● **DIRECTIONS**
All of the data below is to be repeated exactly, except for the pictures.
══ EXCERPTED DATA ══
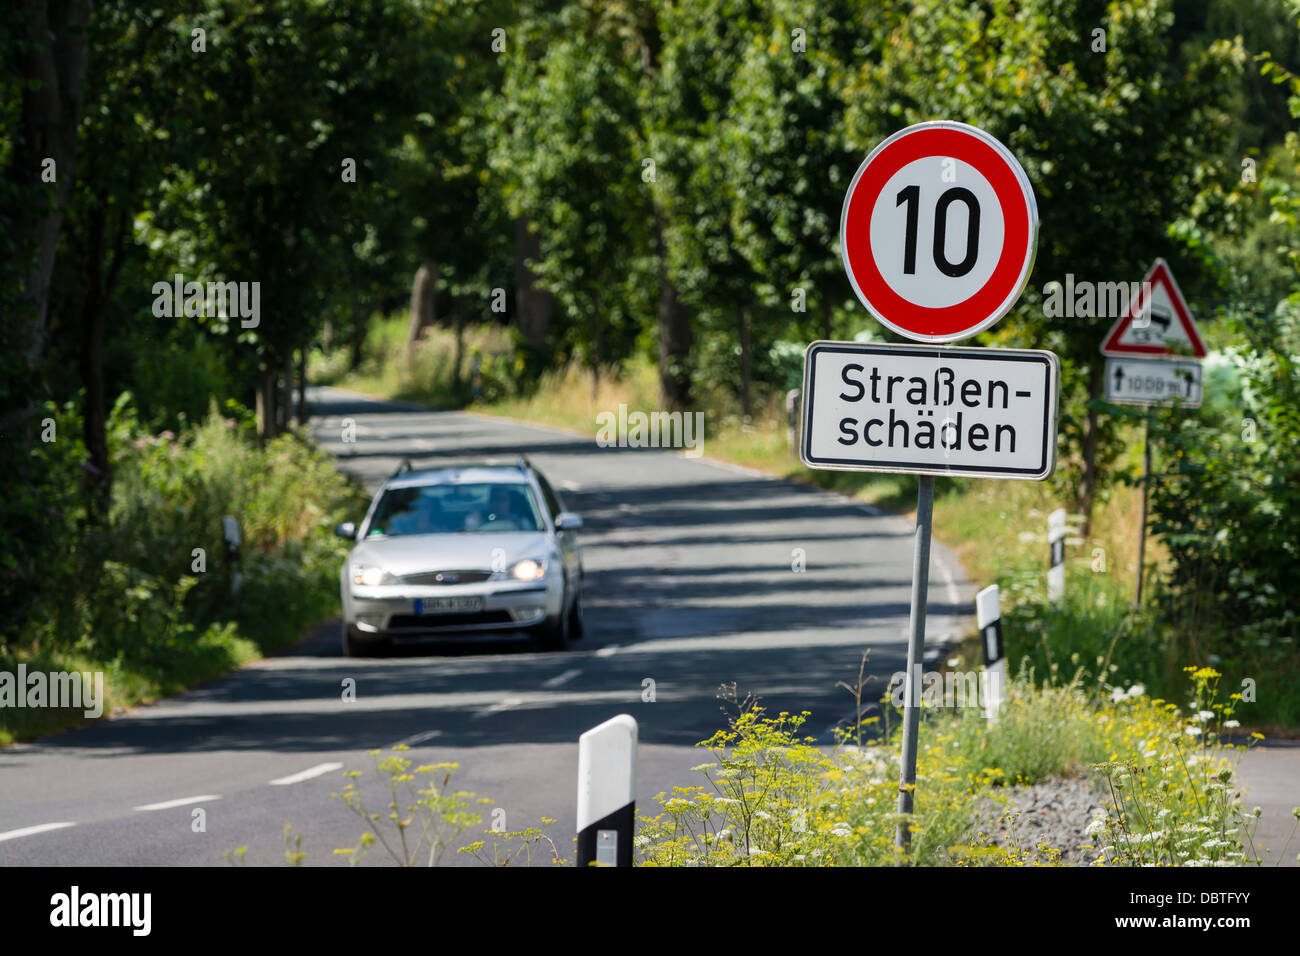 Ein Auto fährt auf der L657 Straße zwischen Dortmund-Mengede und Castrop-Rauxel. An Fahrbahn Schaden liegt die Höchstgeschwindigkeit 10 km/h Stockfoto
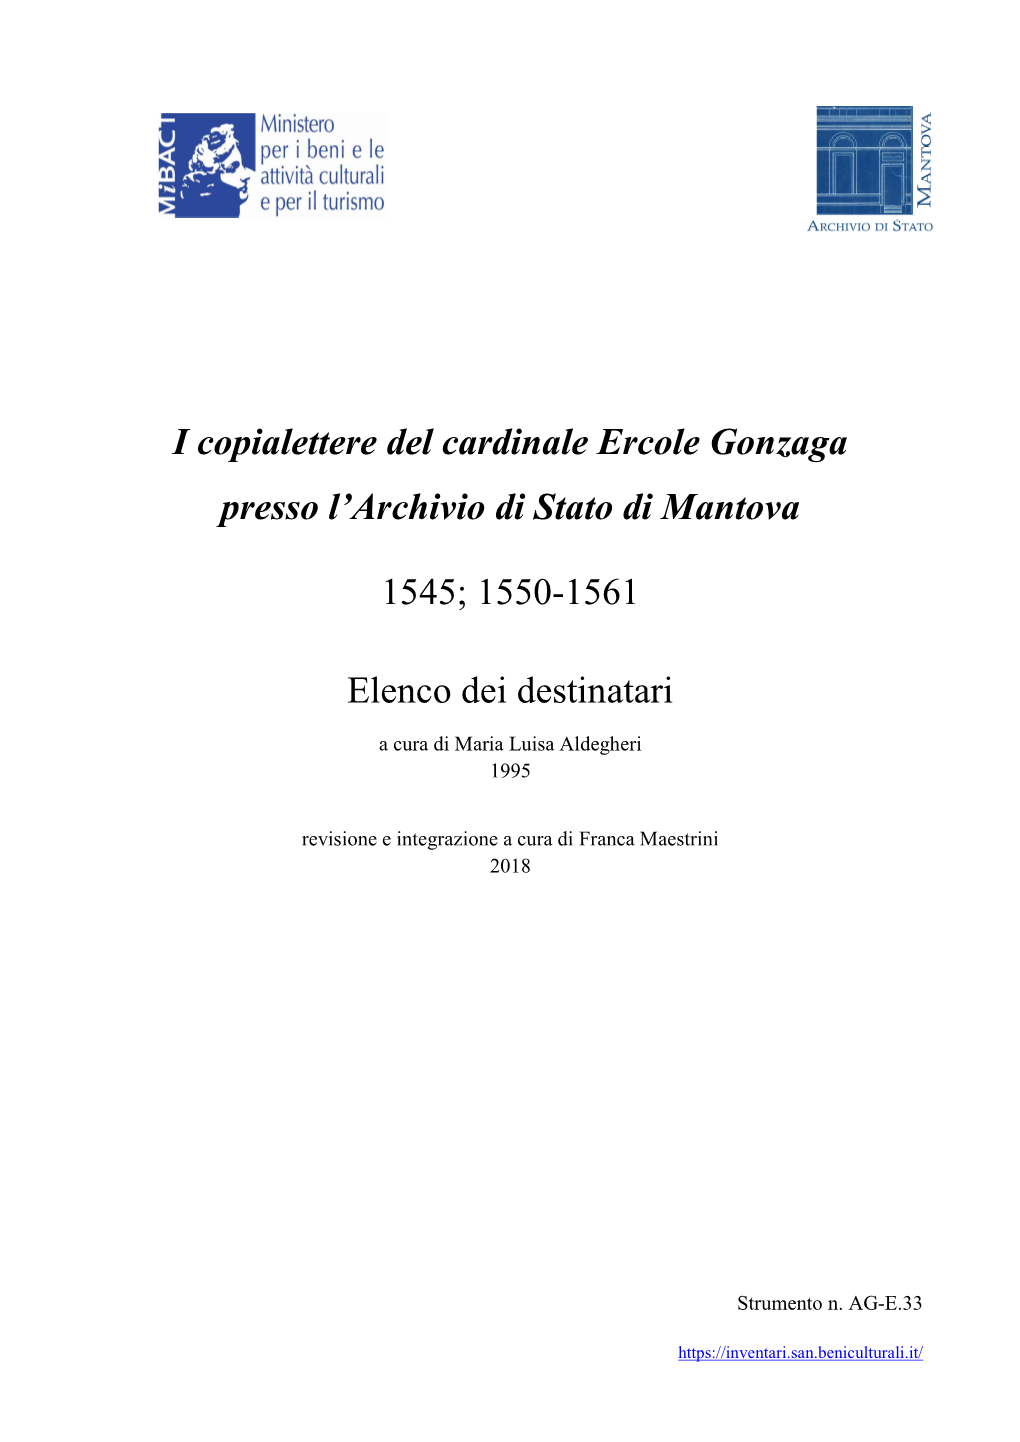 I Copialettere Del Cardinale Ercole Gonzaga Presso L'archivio Di Stato
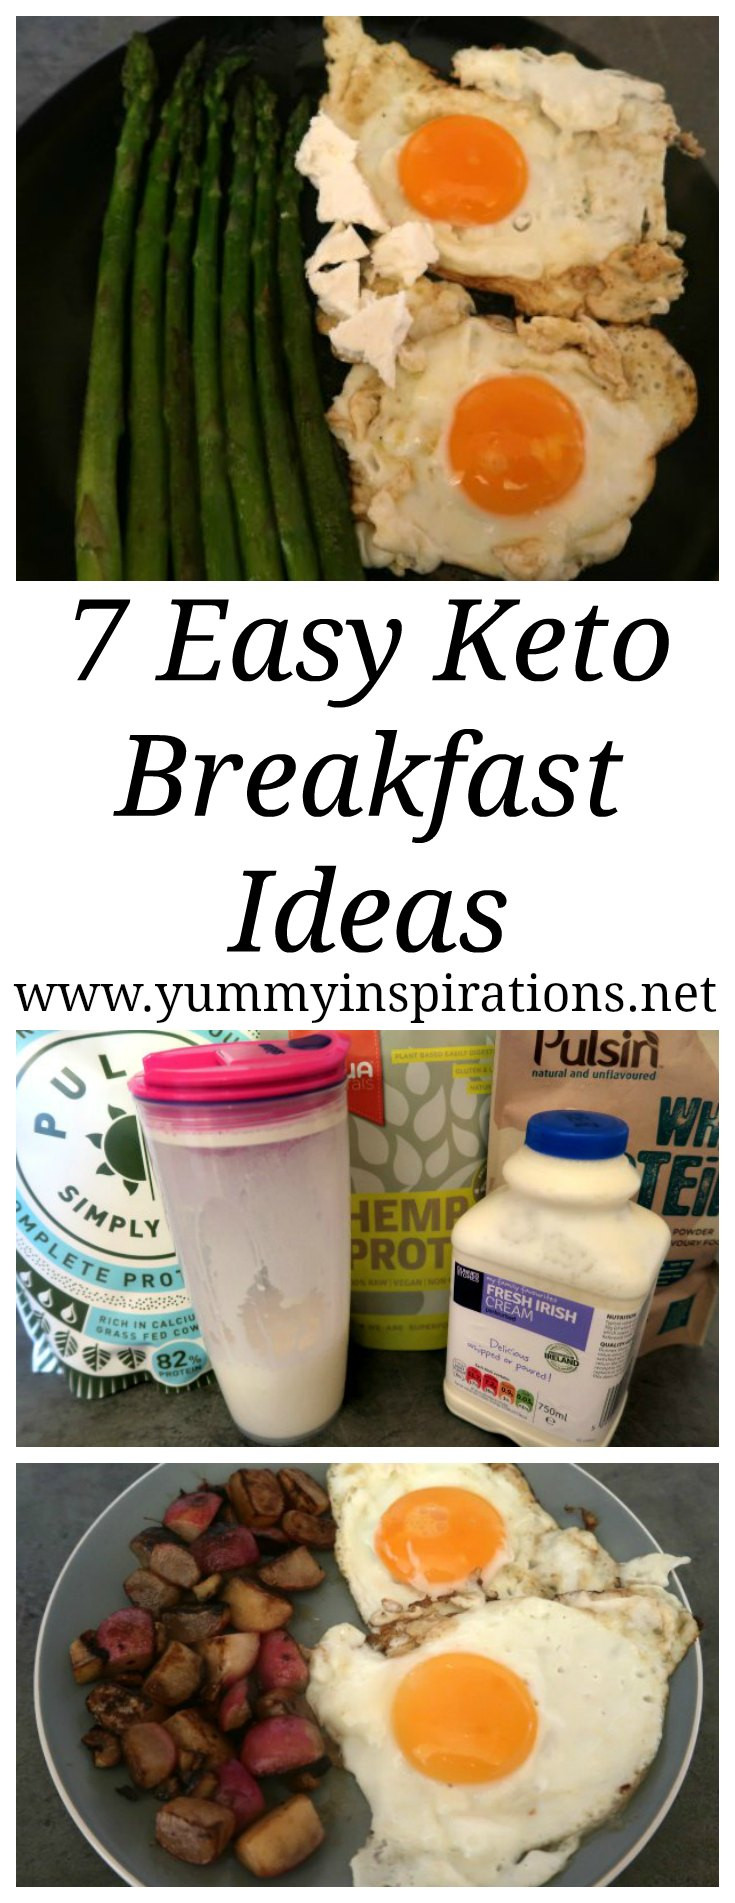 Keto Breakfast Ideas Easy
 7 Easy Keto Breakfast Ideas Low Carb & Ketogenic Diet
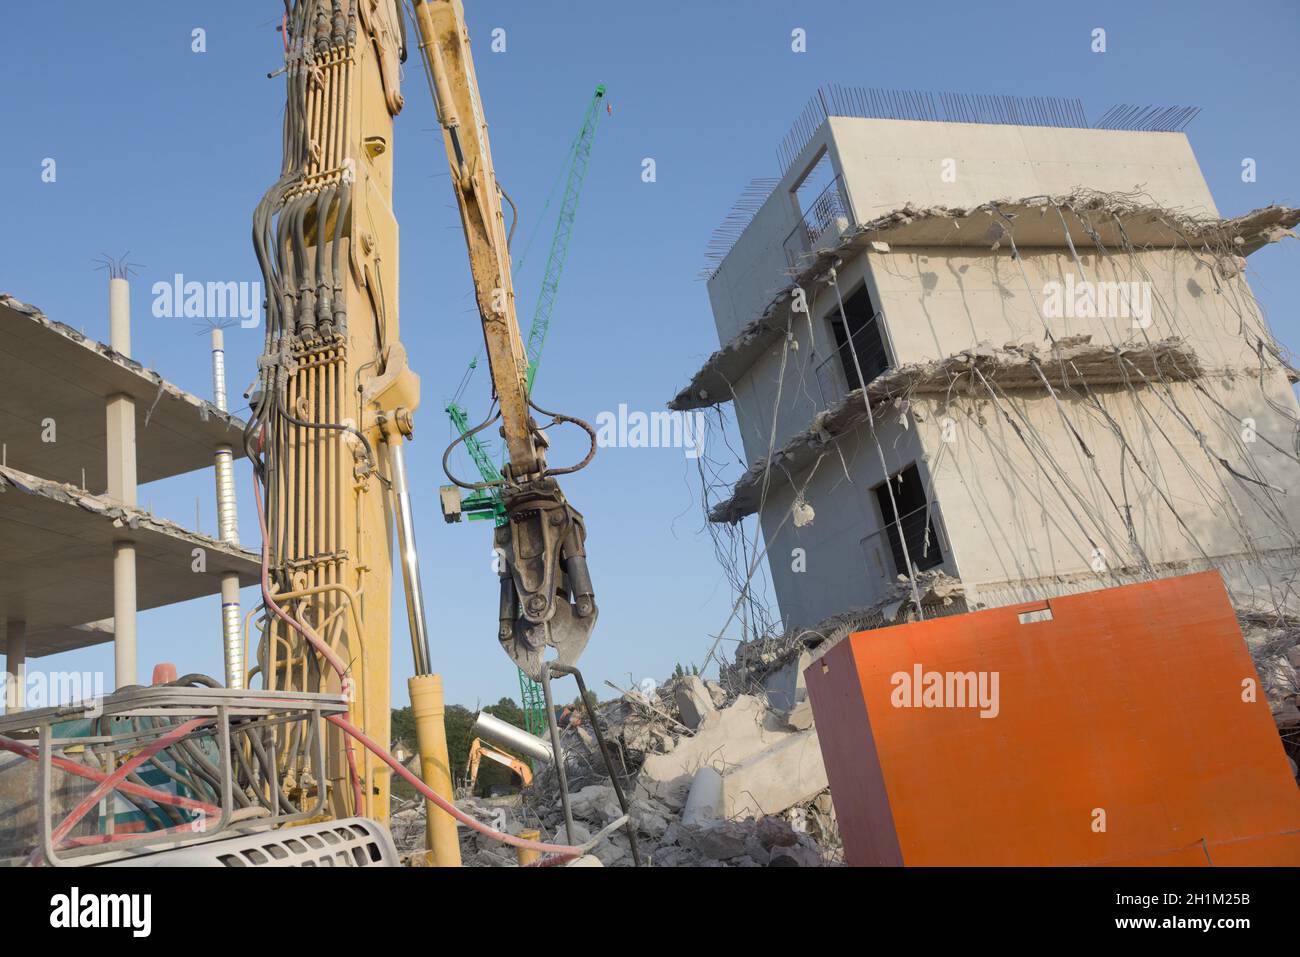 Betonschutt und hängende Stahlseile auf dieser Abrissstelle, großer, hoch reichender Abrissbagger im Vordergrund, mit Turmkran dahinter Stockfoto
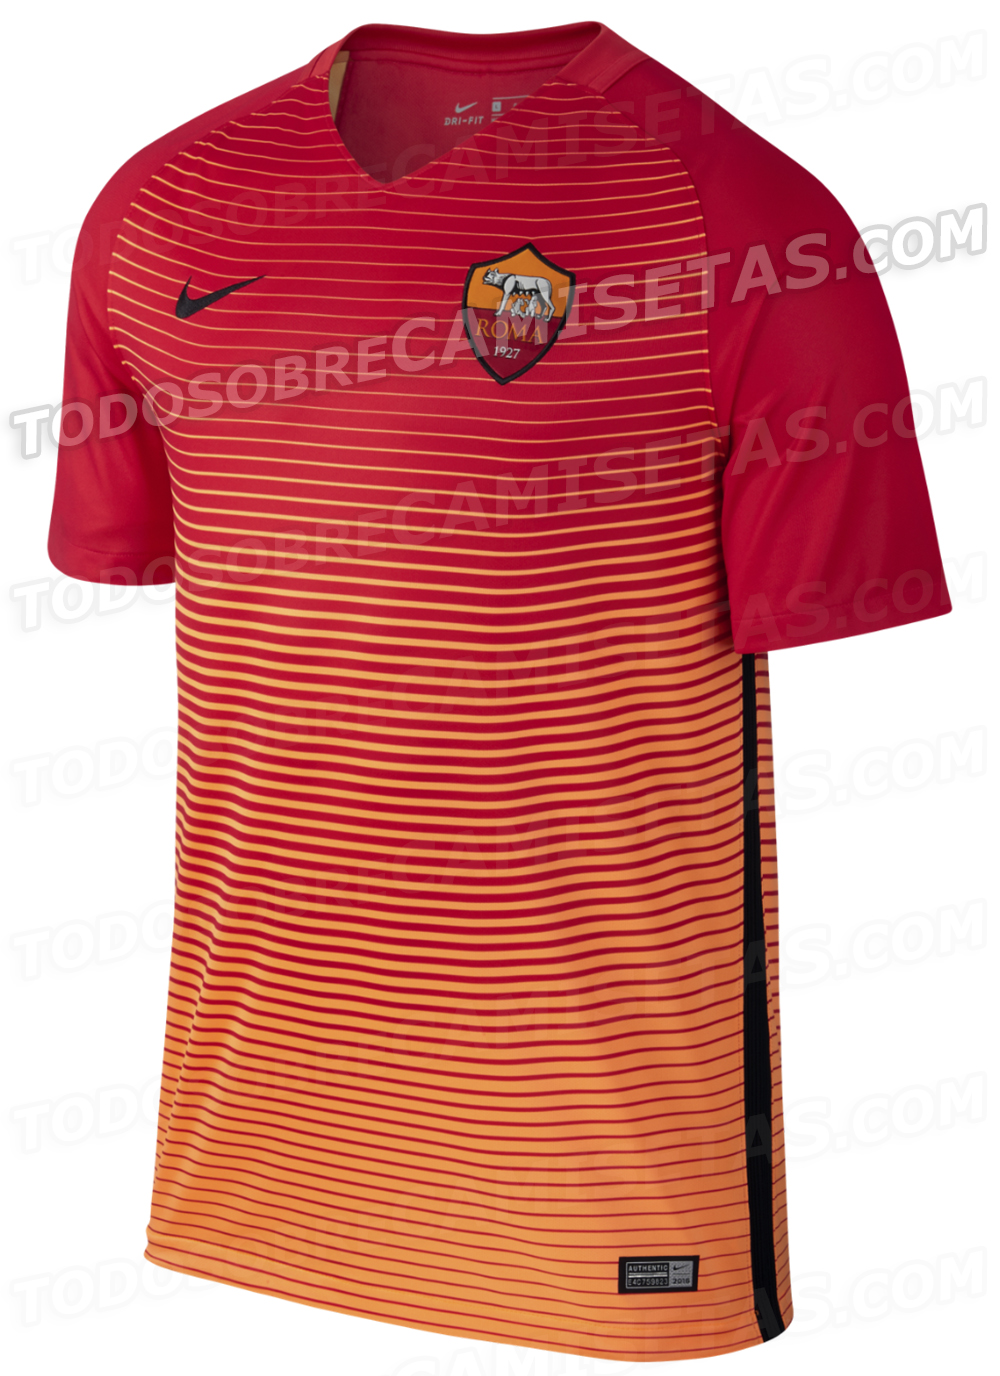 AS Roma 2016-17 Nike Third Kit LEAKED
═══
● **RESPONSE TO THE EXERCISE**
 Ein Auto fährt auf der L657 Straße zwischen Dortmund-Mengede und Castrop-Rauxel. An Fahrbahn Schaden liegt die Höchstgeschwindigkeit 10 km/h Stockfoto
 I Copialettere Del Cardinale Ercole Gonzaga Presso L'archivio Di Stato
 Keto Breakfast Ideas Easy
 7 Easy Keto Breakfast Ideas Low Carb & Ketogenic Diet
 Betonschutt und hängende Stahlseile auf dieser Abrissstelle, großer, hoch reichender Abrissbagger im Vordergrund, mit Turmkran dahinter Stockfoto
 AS Roma 2016-17 Nike Third Kit LEAKED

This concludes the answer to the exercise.